Frémissements, lundi matin, à Bruxelles-National où les passagers du vol Sabena 519 Bamako - Conakry enregistraient leurs bagages. Des membres du "collectif contre les expulsions d’étrangers" semaient la nouvelle : une quinzaine de Maliens, expulsés par les autorités françaises et en provenance de Paris, seraient du voyage. Encadrés de policiers, peut-être ligotés, voire drogués, chargés comme de la viande humaine, précisait Serge Thiry, membre de cette association de fait.

Alertés par des collègues français, les protestataires voulaient inciter les voyageurs à refuser d’embarquer dans un avion convoyant des personnes sous contrainte. La France l’a promis : il n’y aura plus de "charters" pour renvoyer dans leurs pays les immigrés clandestins. Seulement des convois par ligne régulière. Mais, le 27 mars, les passagers d’un Airbus d’Air France ont empêché l’expulsion de cinq sans-papiers vers le Mali. Depuis lors, leurs départs se font plus discrets, via l’étranger.
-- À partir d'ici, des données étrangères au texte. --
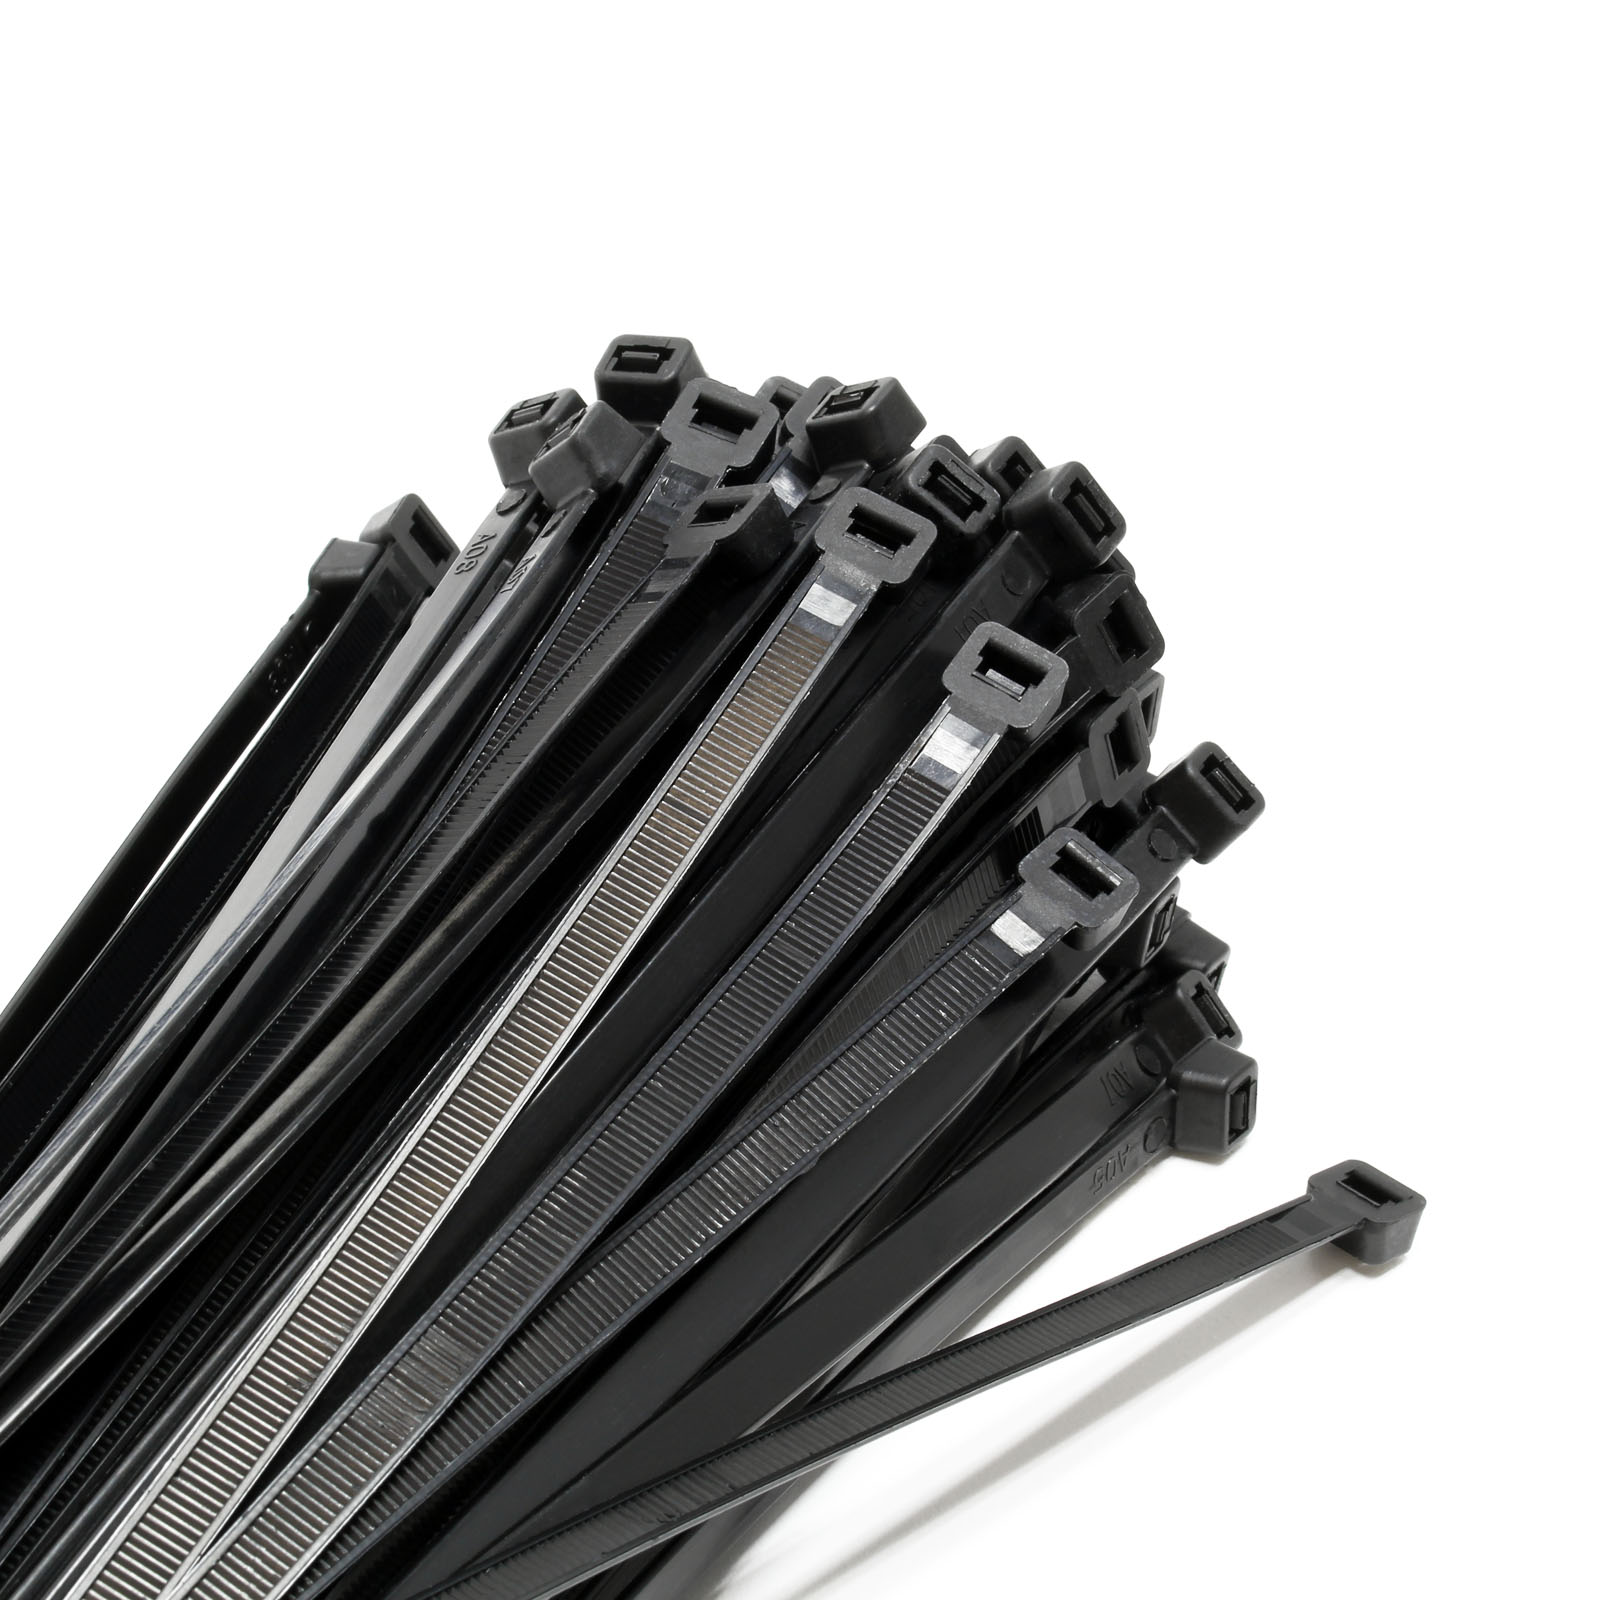 Kortpack suministra en stock +300 tamaños y varios tipos de bridas para  cables. ¡Ordene aqui!

A Bruxelles-National, lundi, Issa, en voyage d’affaires, se disait décidé à refuser l’embarquement, mais il finira par embarquer, comme tout le monde : On dit qu’on coopère avec l’Afrique, mais, quand la France "donne" 8 milliards au Mali, on peut être sûr que 6 milliards lui reviennent. Il faut dire aux Africains que leur bonheur ne se trouve pas nécessairement en Europe et démanteler les bandes organisées qui les font venir ici, avec profits.
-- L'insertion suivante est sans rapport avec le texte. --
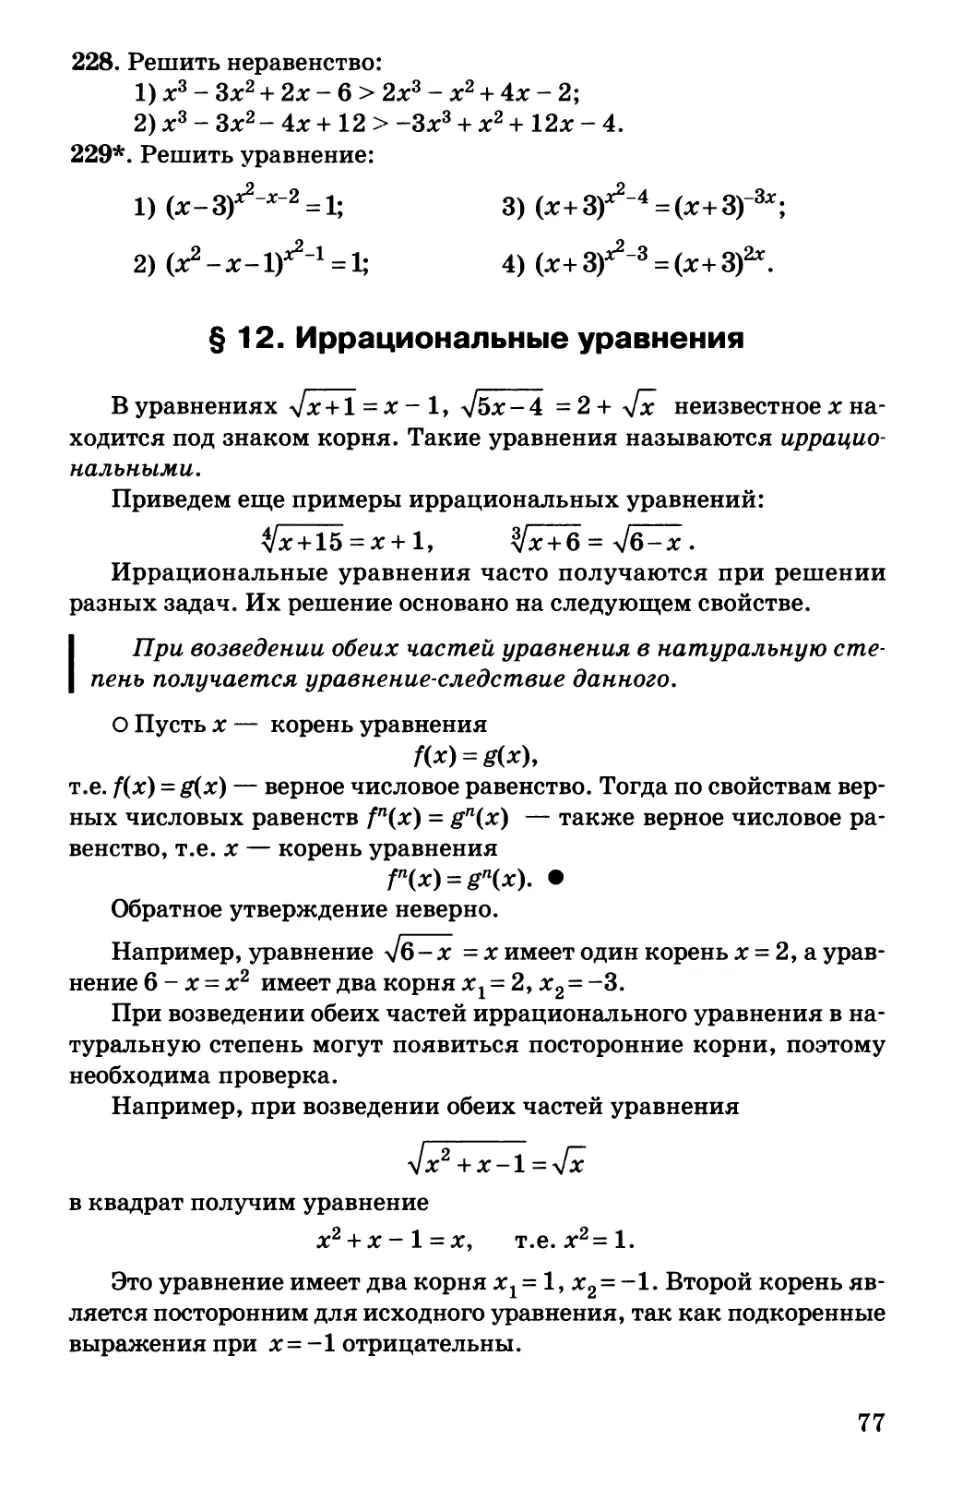 § 12. Иррациональные уравнения

Arrive un Malien (ils seront deux) enregistré comme "DA" (déporté accompagné). Les poignets menottés derrière le dos, convoyé par deux policiers français en civil et gantés. Il crache, il se montre agressif, explique l’un d’eux. S’il se tient tranquille, nous le libérerons dans l’avion. Une mesure exigée par la sécurité aérienne. Mais l’homme, dont on nous explique qu’il menace, en malien, de faire du grabuge dans l’appareil, effraie cette femme en boubou orange. Je ne veux pas voyager avec lui, il est peut-être dangereux !

Régulièrement, la Sabena, responsable des illégaux qu’elle convoie, assure le retour au pays d’immigrés sans papiers. Et 99 fois sur 100, explique la compagnie, les déportés se calment. Sinon, ils sont embarqués sur un autre vol. Pour Patrick Charlier, directeur de la Ligue belge des droits de l’homme, ces expulsions en groupe sont inquiétantes, mais pas neuves. Avec l’intégration européenne, les pays collaborent de plus en plus.